PSYC549 – Applied Measurement Techniques Flashcards
Achievement Test
this is a test which is designed to measure previous learning. In contrast to an aptitude test, an achievement test assesses knowledge and skills that one already possesses. Achievement tests rely heavily on content validation procedures.
In conjunction with aptitude and intelligence testing, achievement testing is included in the category of ability tests (as opposed to personality tests)
The test can be group or individual
Achievement tests are employed for a variety of vocational, professional, and diagnostic purposes
Ex—the school psychologist administered norm-referenced achievement tests to the 6th grade students who were having difficulty passing their classes. He discovered that the students scored in the 49th percentile meaning that they were below average according to the population norm. By reviewing and analyzing the tests he was able to pinpoint areas of reading and math that the students needed the most help with.
Aptitude test
Aptitude refers to the potential for learning or acquiring a specific skill. In contrast to an achievement test, an aptitude test assesses an individual’s ability to acquire certain knowledge and skills. Aptitude tests rely heavily on predictive criterion validation procedures.
In conjunction with achievement and intelligence testing, aptitude testing is included in the category of ability tests (as opposed to personality tests)
Example:
A college requires applicants to complete the SAT, an aptitude test. The scores on this exam are used to predict future college performance.
Assessment interview
an assessment interview is an initial interview in which the counselor is gathering information about the patient and beginning to form a conceptualization of their case and their particular problems. Interviews may be structured, in which case a certain order of questions and format is strictly adhered to, or they may be unstructured, in which the interviewer is free to follow their own course of questioning. Structured interviews are generally more reliable and valid, but lack the freedom of unstructured interviews to pursue a topic of interest or an instinct that the interviewer has
Ex: Therapist preferred to use a mix of structured and unstructured techniques for his assessment interviews, structured questioning ensured that he would get a broader picture of the problem. Ex: What brings you in today? Assessment for suicide, Orientation assessment-person, place, and time.
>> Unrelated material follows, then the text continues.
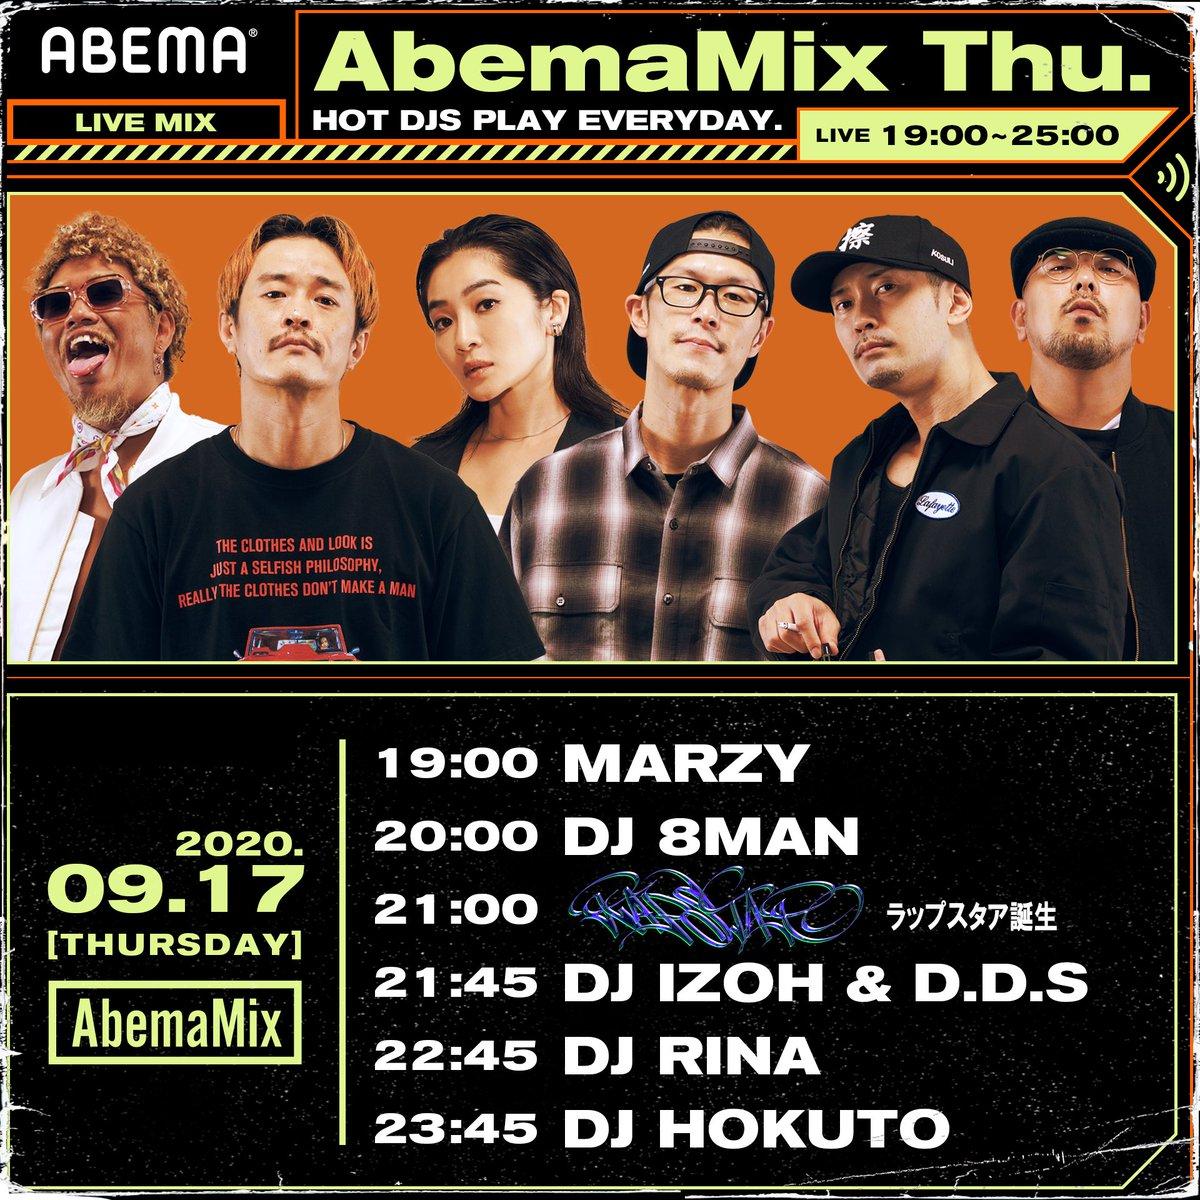 【INFO】 9/17(thu) AbemaMix Thursday @AbemaTV  [DJ] DJ HOKUTO DJ 8MAN DJ RINA MARZY DJ IZOH  [SIDE MC] D.D.S  本日9/17は21:45〜22:45にDJ IZOHのSIDE MCとして登場!! https://t.co/i9N1DF7fkr https://t.co/I5zQ3i17Cy

He then used an unstructured format which gave him the freedom to explore areas of interest. (Therapists notices the client’s toxic relationship with mother and wants to focus on this.)
Clinical vs. Statistical significance
a result is statistically significant if it is unlikely to have occurred by chance; a result is clinically significant if it results in a noticeable and appreciable difference in the client’s everyday functioning. Statistical significance is determined by a mathematical/statistical procedure; clinical significance is determined by the amount of change the client sees in their life. Statistical significance does not necessarily equate to clinical significance.
EX—The new anti-depressant drug showed high statistical significance of p< .045. However, the psychiatrist realized that the drug company had used such rigid requirements for the sample population in order to raise the internal validity that it had compromised the external validity of the drug.
In the professional’s opinion the drug did not improve the pt’s depressive symptoms enough and produced some harsh side effects and was expensive. Therefore, the clinical significance did not warrant changing the current meds he prescribed for his depressed pts.
Criterion-related validity
in the context of testing, this is a type of validity in which a test or measure is assessed according to the extent to which it corresponds with a particular criterion or standard.
There are two types of criterion-related validity: concurrent and predictive (function of the time-interval being assessed).
Concurrent validity is a measure of agreement between the results obtained by the given survey instrument and the results obtained for the same population by another instrument acknowledged as the “gold standard”.
Predictive validity is how well the test predicts future performance in relation to some criterion or measure. Ex—SAT score predict success in college
EX.—For example, a business psychologist has developed a new IQ-test that requires only 5 minutes per subject, as compared to 90 min for the test acknowledged as the gold standard. He administers both tests to a sample population. he then compared scores. The correlation between the two sets of scores was high and representative of the concurrent validity of the new IQ-test.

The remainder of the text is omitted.